L’ « exception » et/ou la « spécificité culturelle », ce n’est pas ligoter son peuple dans des moyens d’expression définis par le conservatisme et le renfermement sur soi. Cela représente au contraire une politique culturelle pour protéger la diversité des expressions, visant à encourager et promouvoir la production artistique, intellectuelle et culturelle de chaque pays. Le plus important étant ici de ne jamais intervenir sur les tendances, courants et inspirations de ces créateurs. En gardant comme objectif fondamental celui de proclamer que la culture n’est pas une marchandise, en garantissant à celles en péril et/ou en voie de disparition les moyens matériels pour continuer à se développer.

Dans le cas de la politique culturelle en Tunisie, il serait contraire à ce but initial de sectoriser l’art et la créativité selon que cela réponde ou pas à l’ « identité » nationale. Un musicien qui fait du « malouf », du « mezoued » ou de la « soulamia » est-il plus tunisien que celui qui s’exprime à travers le « rap », l’ « electro » ou le « slam » ? Un plasticien qui met en image « les medinas », « les souks » et les « femmes en sefsari » représente-t-il plus l’identité tunisienne que celui qui fait des « installations », des « performances » ou de la « vidéo mapping » ?

Par ailleurs, lorsqu’en Mai 2013, la question de la spécificité culturelle tunisienne était avancée par un (des) brouillon (s) de la constitution, l’article en question qui y faisait référence, a suscité beaucoup d’incompréhension et d’appréhension. D’abord au niveau de son orientation à ne reconnaitre l’universalité des droits humains que lorsqu’ils répondent aux « spécificités culturelles du peuple tunisien ». Ensuite sur le fait que la constitution impose des « limites » à la liberté d’expression, limites indéfinies et indéfinissables selon des règles communes à n’importe quel « Etat de Droit », dont la formulation reste trop vague pour être précise et déterminée. Sans oublier que dans cette formulation, la liberté de pensée et de conscience n’est pas affirmée comme telle. Dans la version de Juin 2013, les droits universels de l’Homme ne sont plus limités par une dite « spécificité culturelle tunisienne » ; cependant ce même paragraphe débute par un conditionnement subjectif et très relatif, donc on ne peut plus restrictif, selon lequel les droits universels des Hommes doivent se baser « sur la constance de l’Islam et ses finalités ».

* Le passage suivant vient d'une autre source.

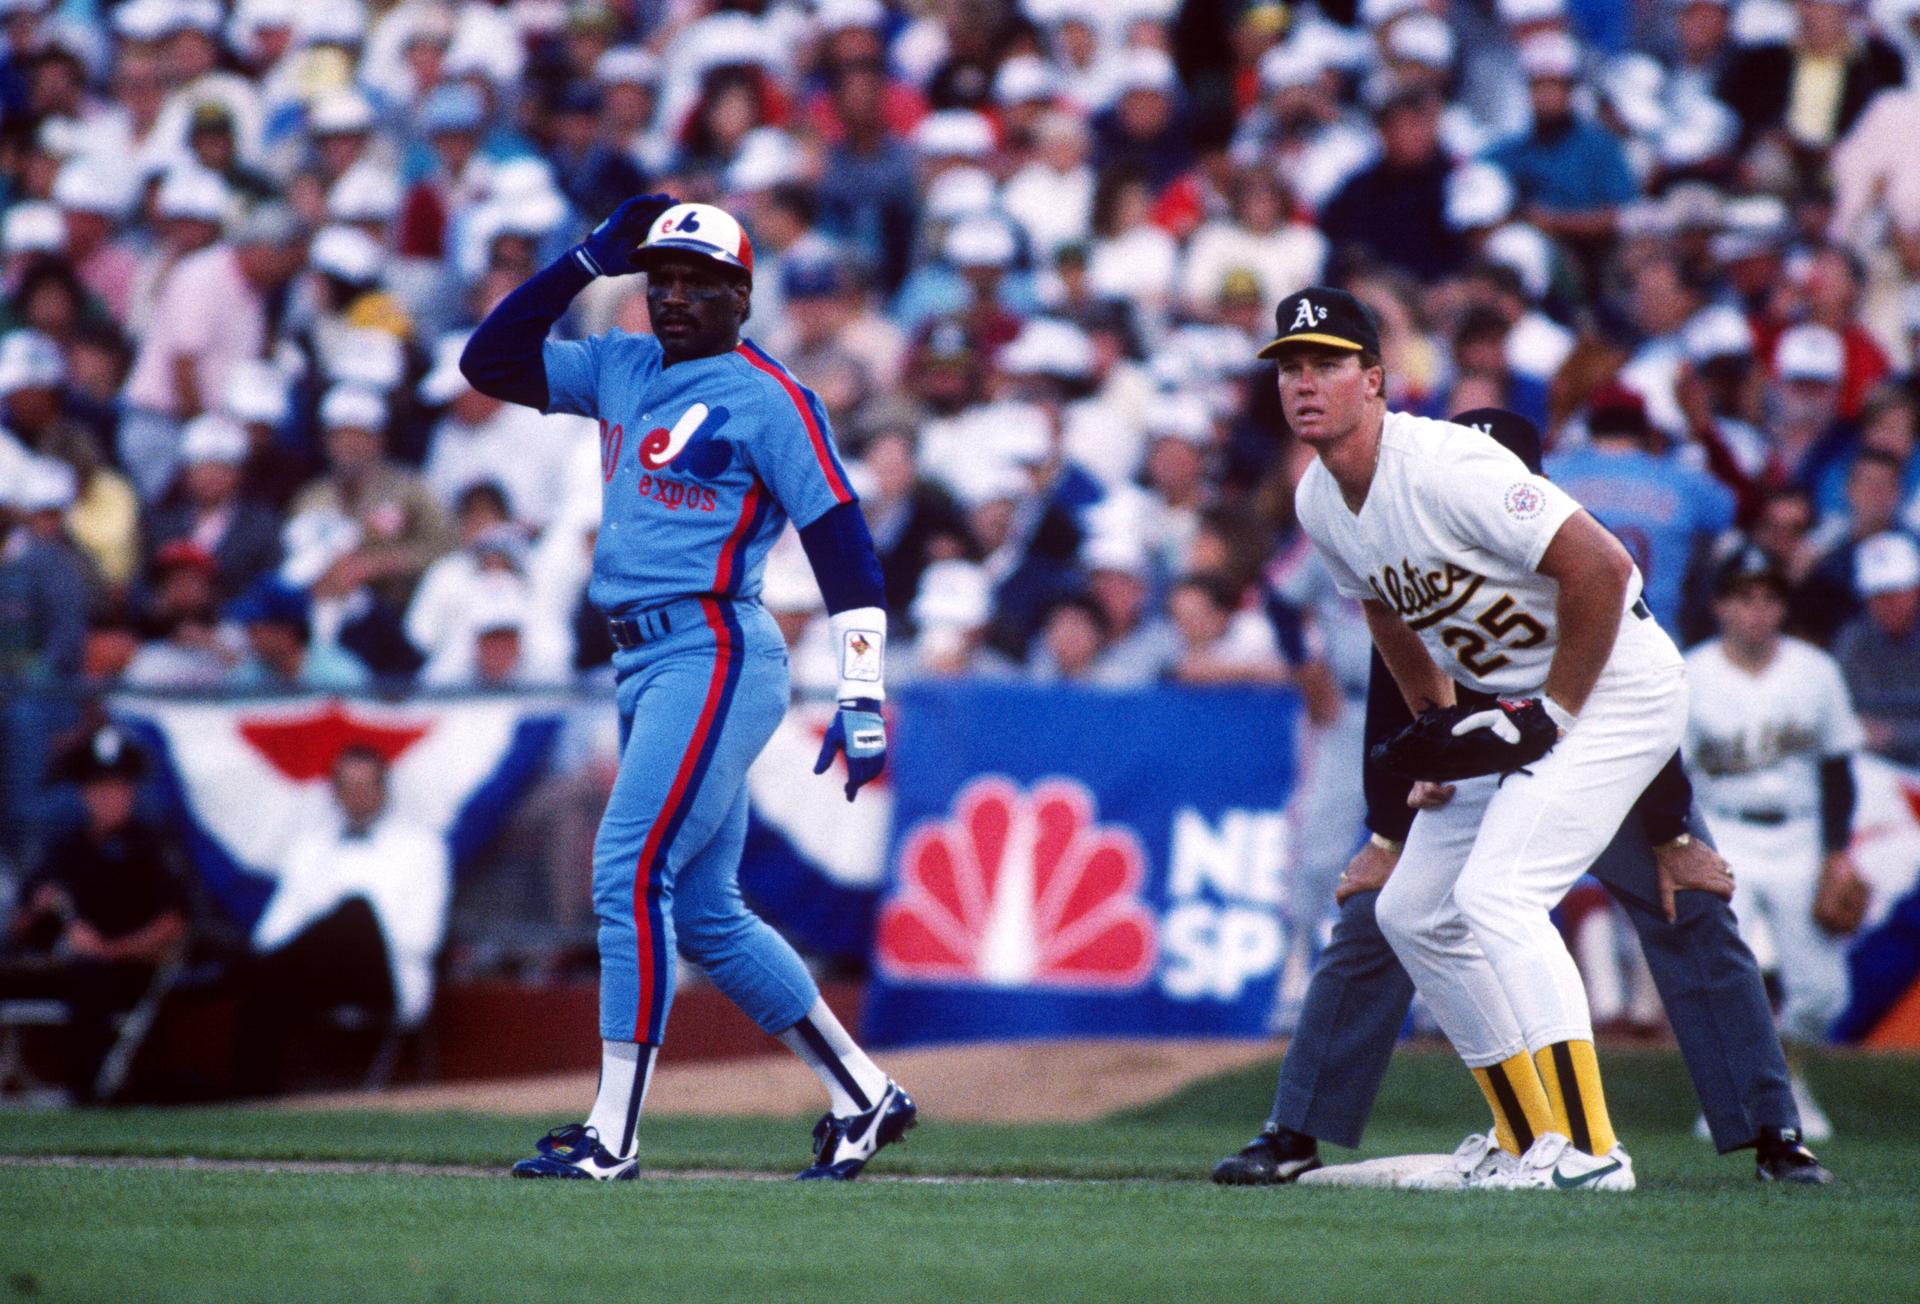 Tim Raines and Mark McGwire at the 1987 MLB All-Star Game

Certes, l’hypothèse d’une « spécificité culturelle » porte en elle la problématique identitaire, qui se pose de surcroit par rapport à la question de « culture humaine » et/ou « culture universelle ». Avec en arrière plan ces éternels questionnements : « Peut-on en même temps se réclamer d’une spécificité culturelle et être ouvert sur l’autre. La diversité culturelle, est-ce la tolérance ? » L’on pourrait s’approfondir d’avantage dans la « spécificité », si l’on peut dire, de la spécificité artistico- culturelle tunisienne. Toutefois, il faut peut-être saisir les tenants et les aboutissants de la question à l’échelle mondiale afin de saisir le sens exact de la problématique qui nous préoccupe ici, dénuée de toute dénaturation de sens et de mésinterprétation. La signification première, entendue ici comme son sens exact, tel qu’avancé par les Nations Unies avec ses enjeux et perspectives sur les pays et les peuples, voir même à long terme, la pérennisation et/ou la disparition des civilisations.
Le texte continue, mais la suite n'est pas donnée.